- [Information provided]:
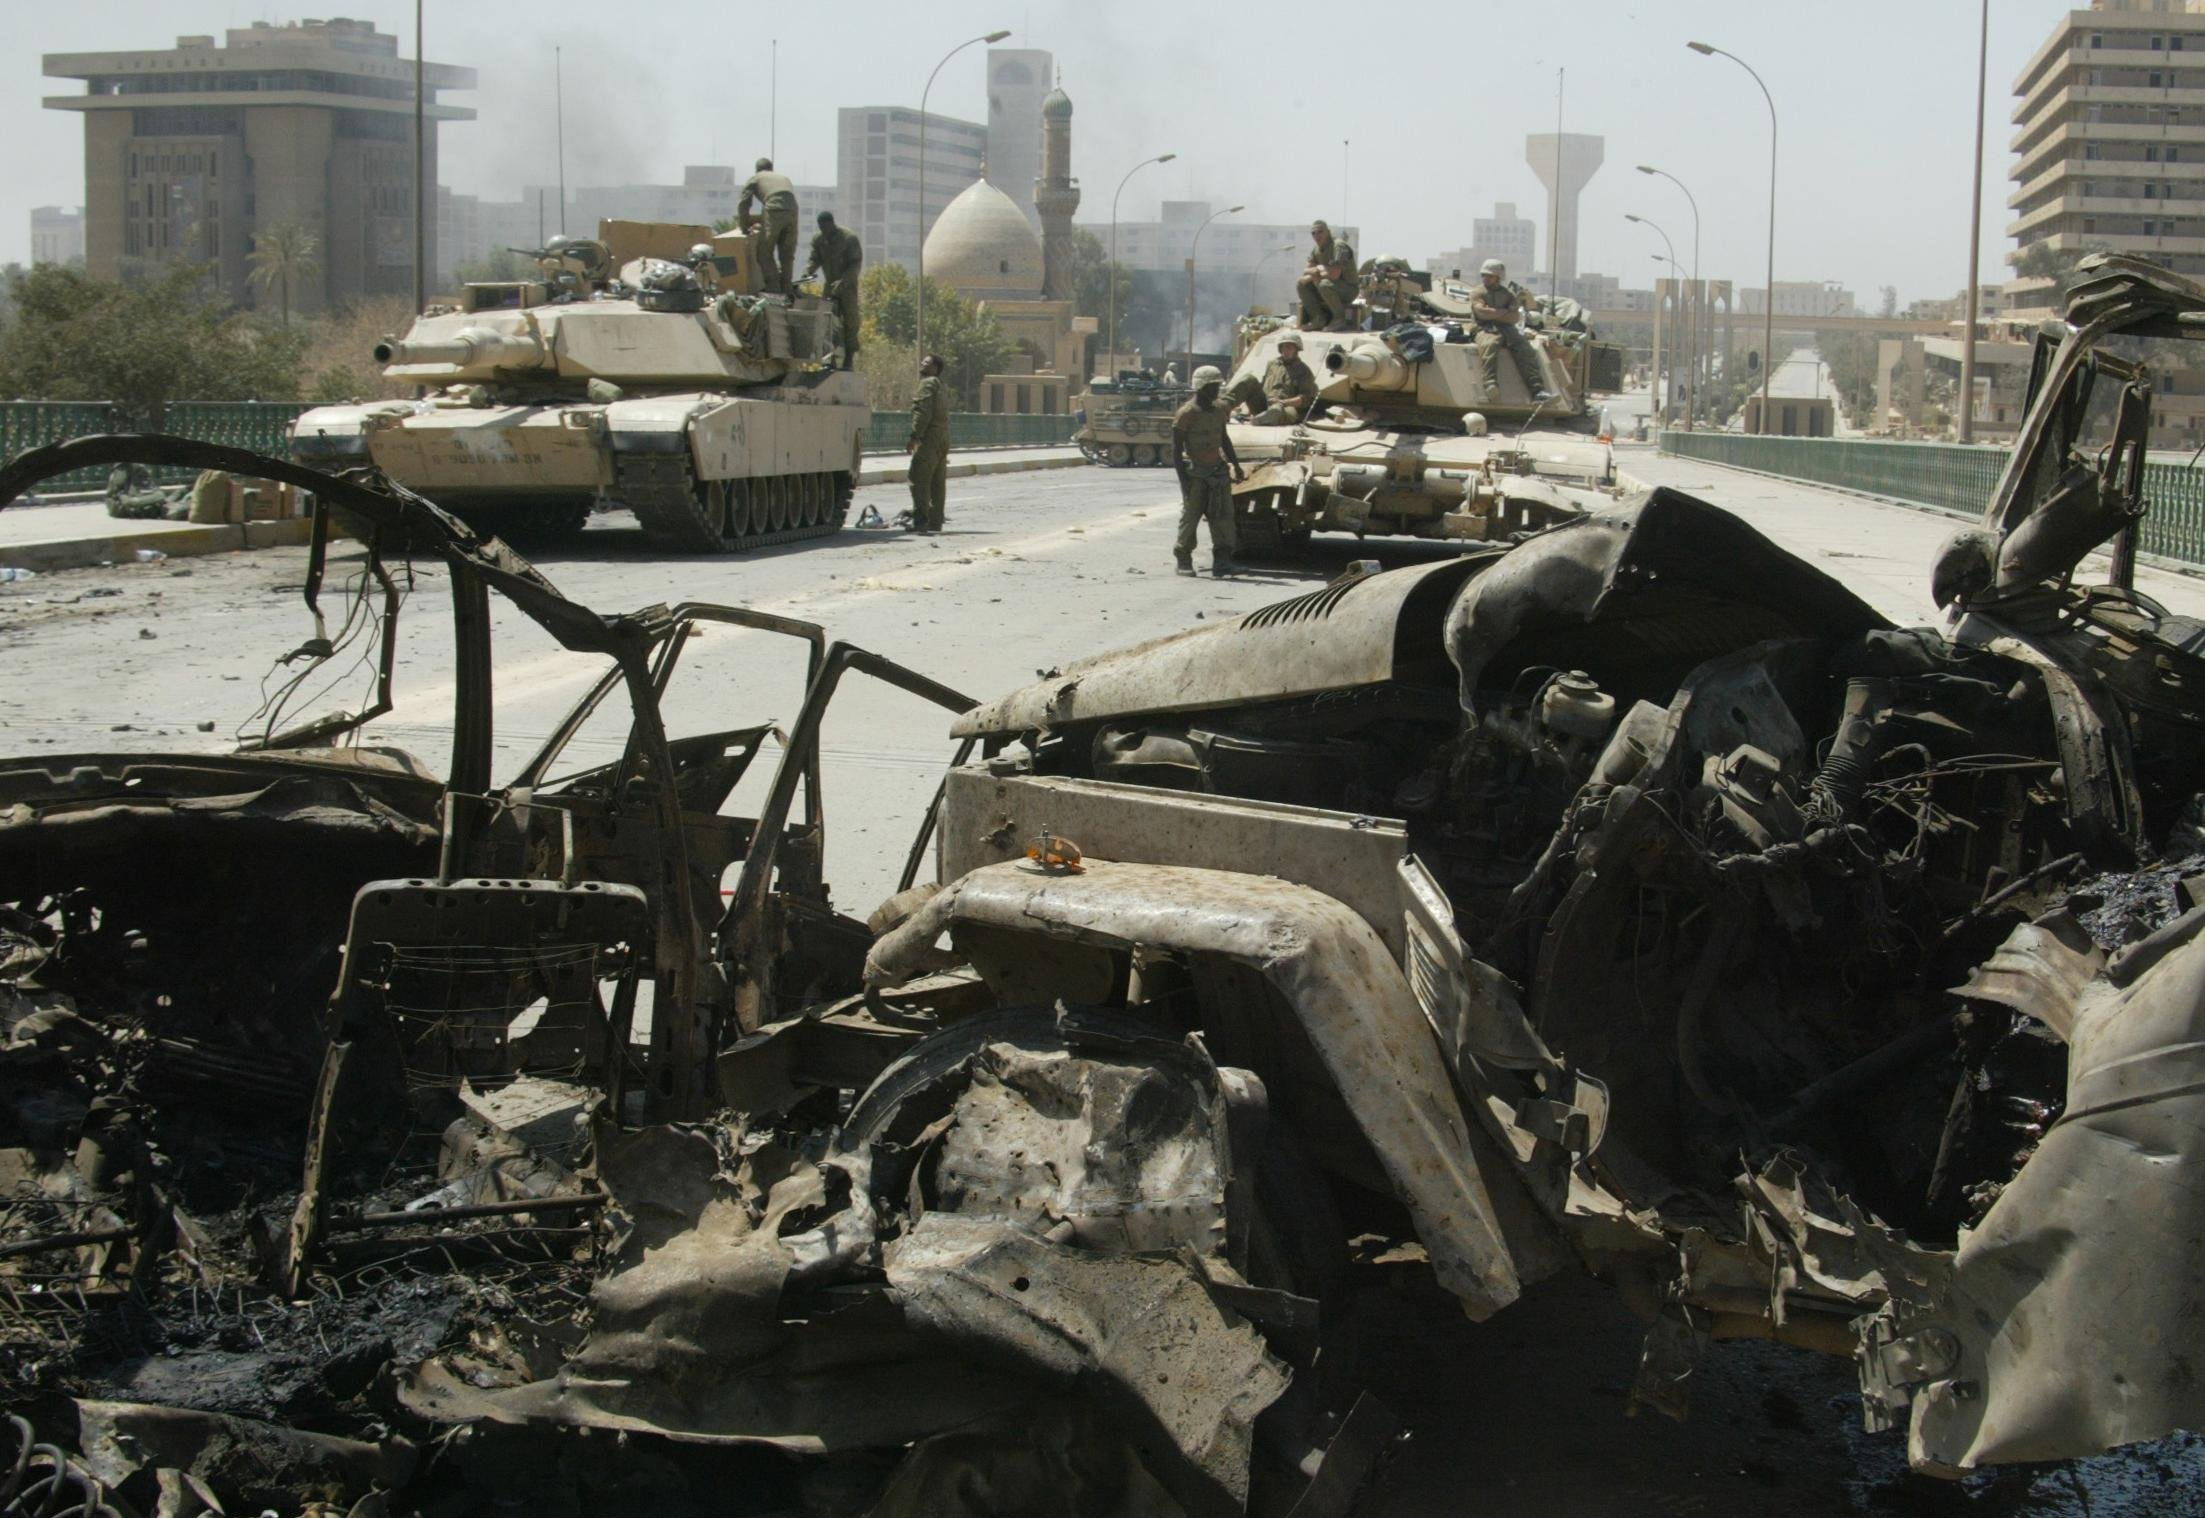 US marines sit on their tanks behind the wreckage of destroyed cars on al-Jumhuriya bridge in Baghdad 11 April 2003
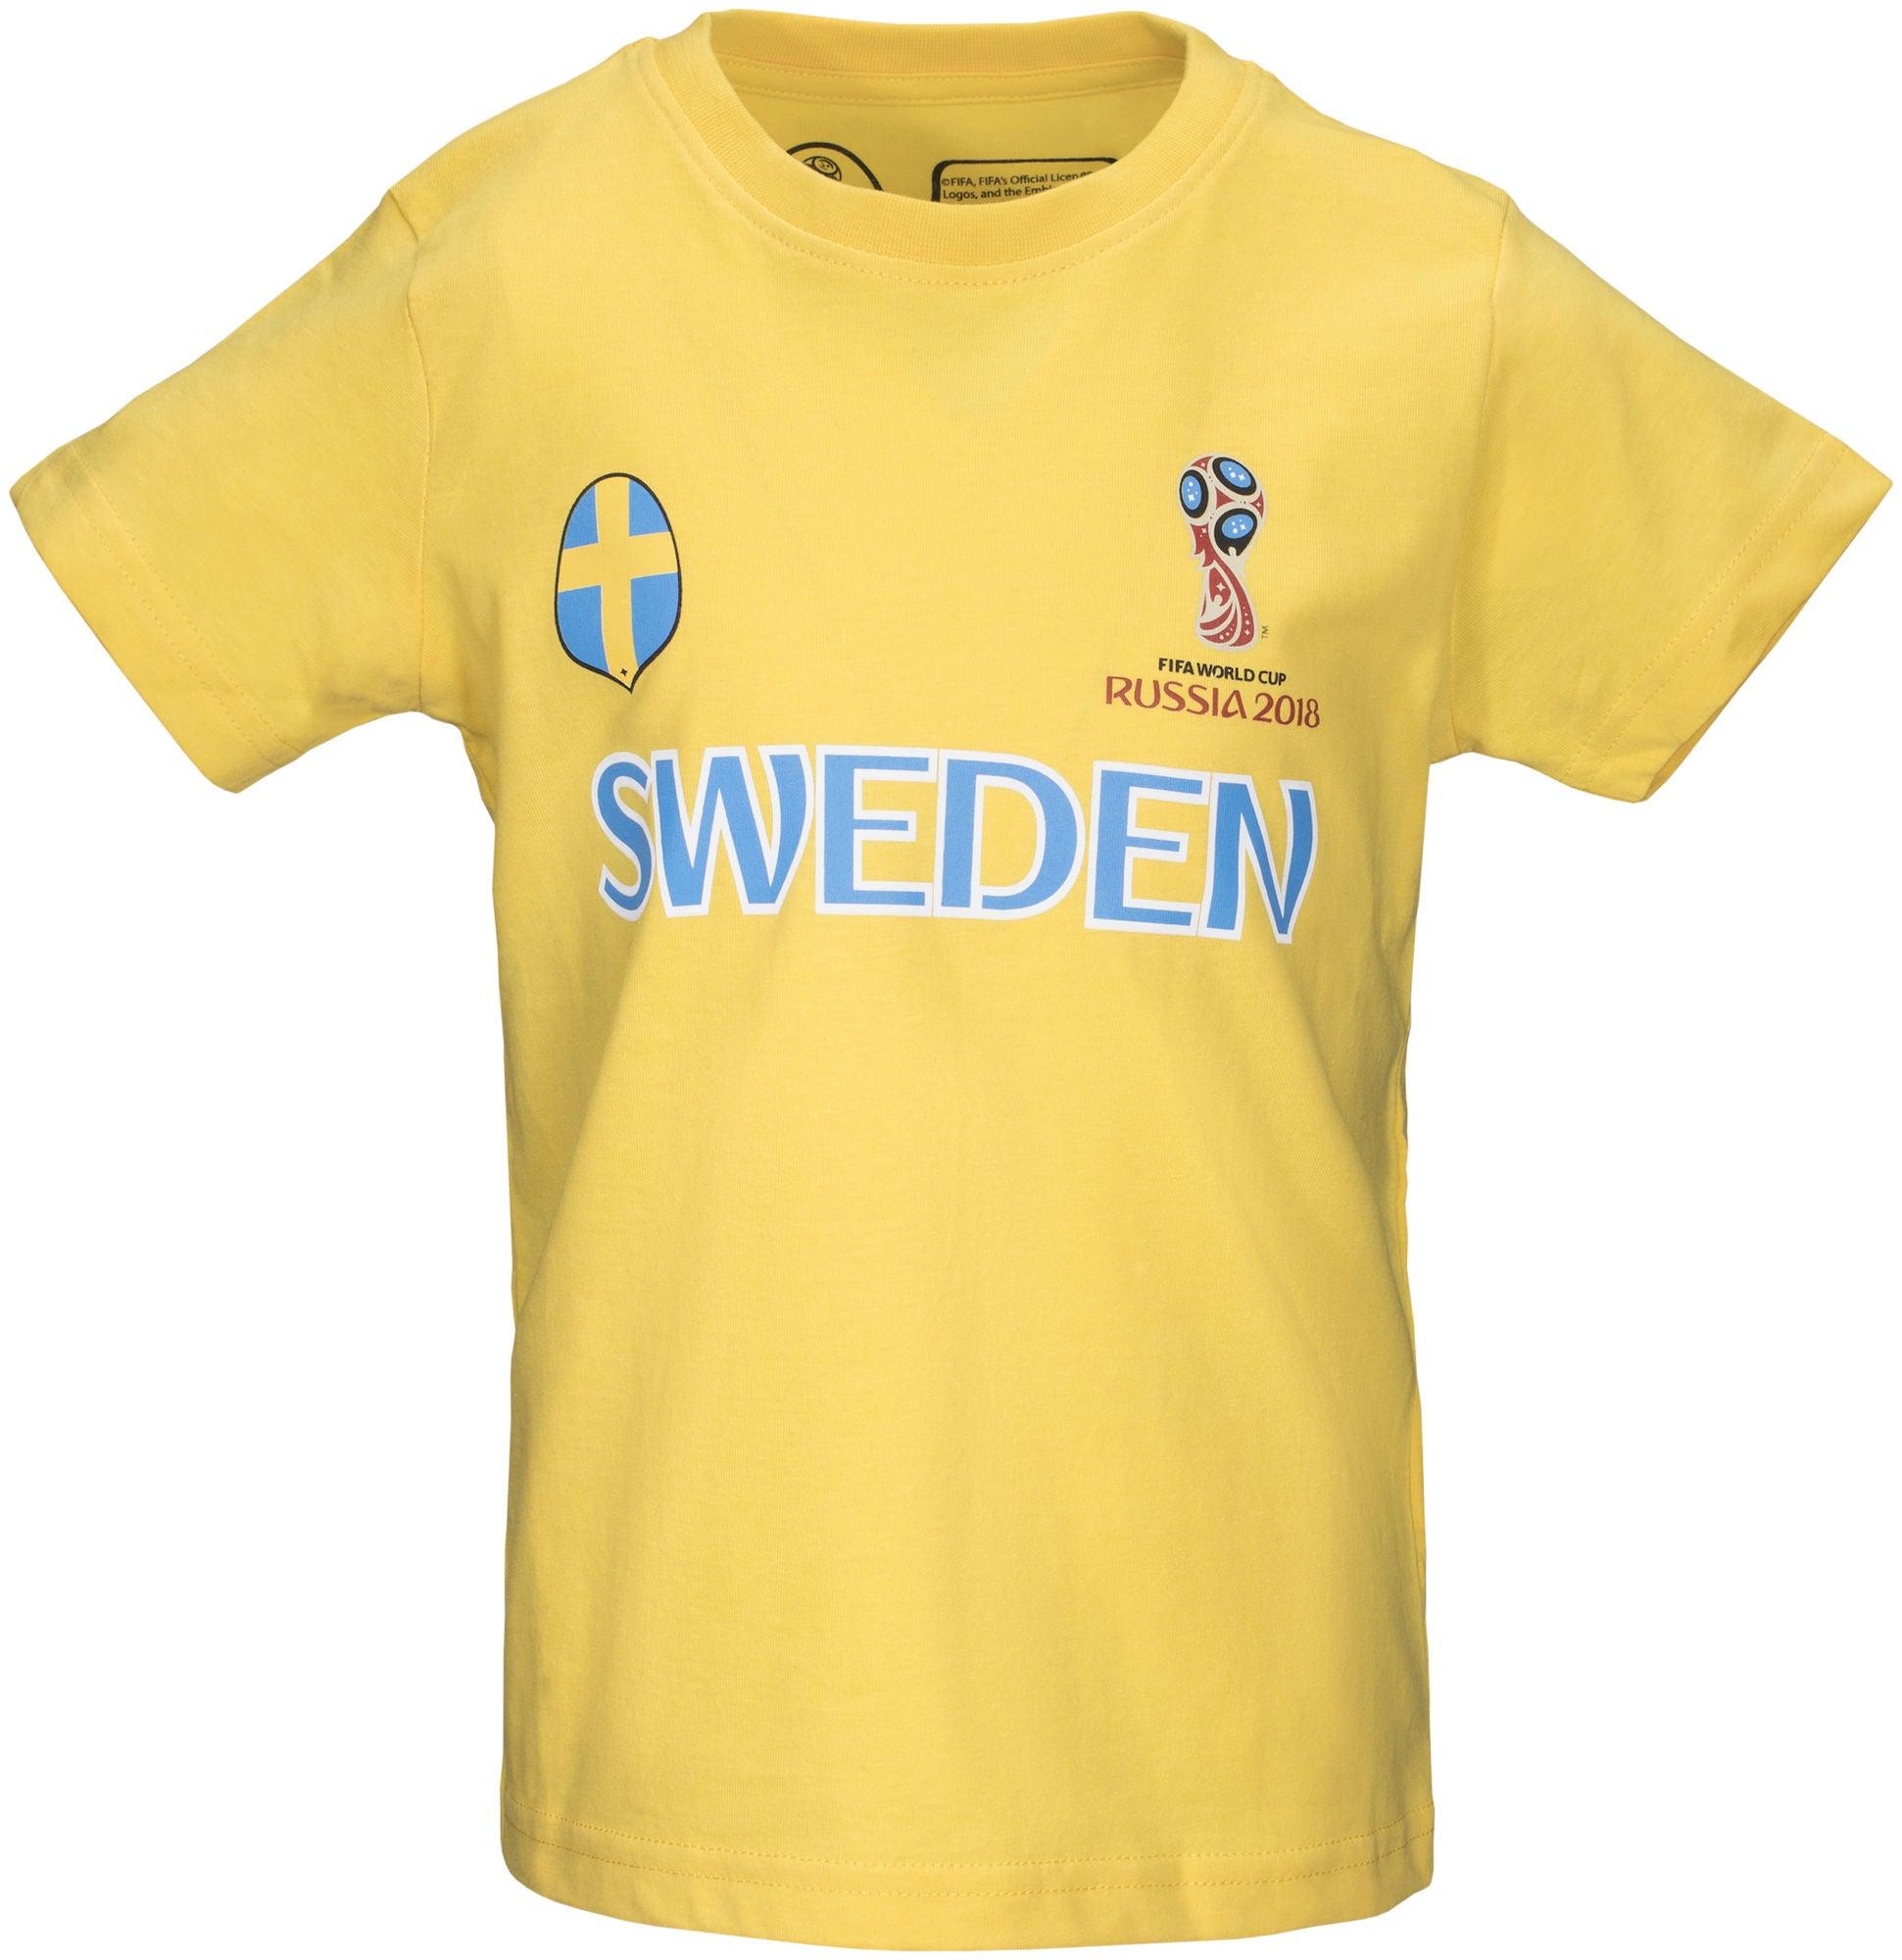 FIFA World Cup 2018 Sweden T-shirt 116
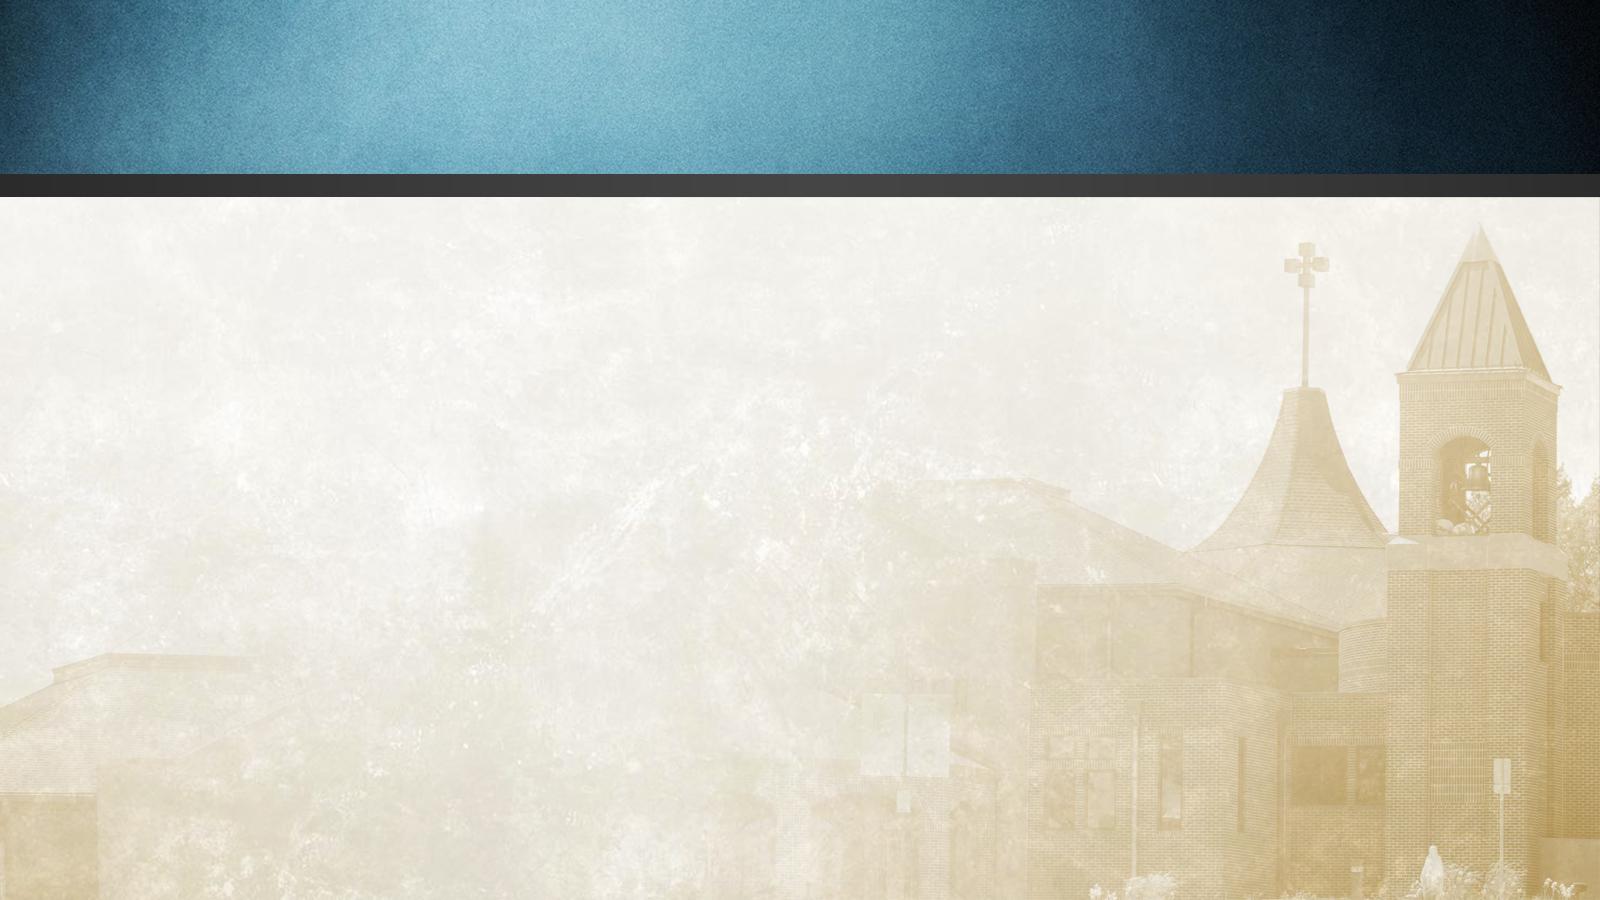 church website backgrounds

- [Goal of the exercise]: Reproduce the data above word for word and omit the images.

- [Written solution]:
 US marines sit on their tanks behind the wreckage of destroyed cars on al-Jumhuriya bridge in Baghdad 11 April 2003
 FIFA World Cup 2018 Sweden T-shirt 116
 church website backgrounds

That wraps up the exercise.